Heart Education Awareness Resource and Training through eLearning (HEARTe)


The intervention

Let’s look at how Joan’s drug-eluting stent is deployed.

A stent is a short, wire-mesh tube that acts like a scaffold to help keep your artery open. There are two main types of stent:

  • bare metal (uncoated) stent: the biggest drawback of using bare metal stents is that, in around 30% of cases, the arteries begin to narrow again. This is because the immune system sees the stent as a foreign body and attacks it, causing swelling and excessive tissue growth around the stent.
  • drug-eluting stent, which is coated with medication that reduces the risk of the artery becoming blocked again and reduces the problems above, These are coated with medication that reduces the body’s abnormal response and tissue growth. Once the stent is in place, the medication is released over time into the area that is most likely to become blocked again.

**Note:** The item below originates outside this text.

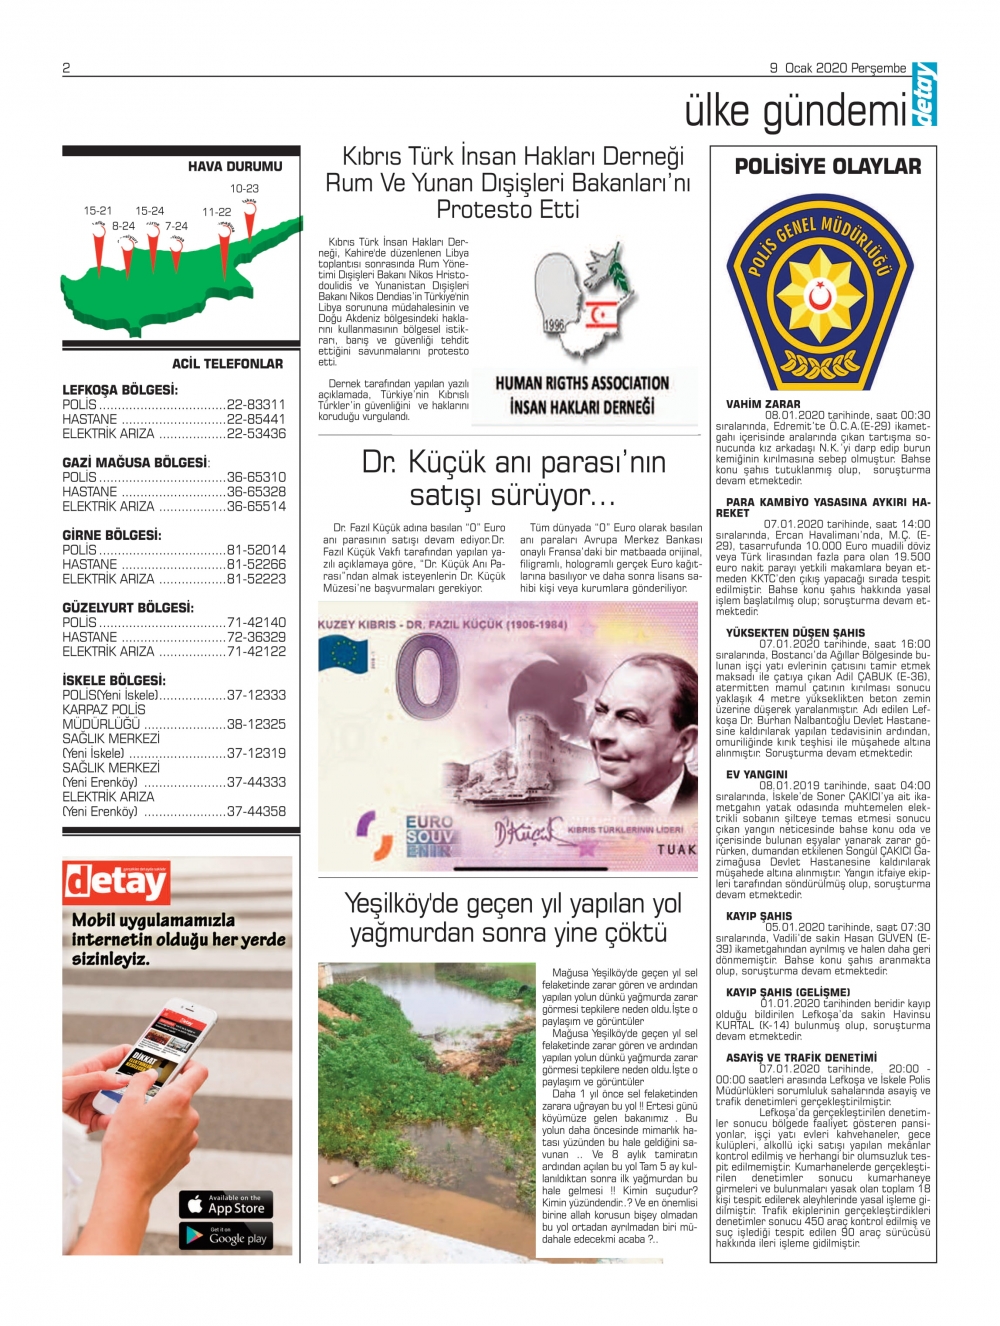 Detay Gazetes 10 Ocak 2020 galerisi resim 2

Reference: NHS Inform – Health information you can trust

The use of drug-eluting stents has reduced the rate of arteries re-narrowing from around 30% to below 10%. However, as drug-eluting stents are still a relatively new technology, it is uncertain how effective or safe they are in the long term.

Before the procedure the cardiologist will consider the benefits and risks of each type of stent for that particular patient.

If the cardiologist is going to consider a stent, they will also require to consider certain anti-platelet drugs to help reduce the risk of blood clots forming around the stent.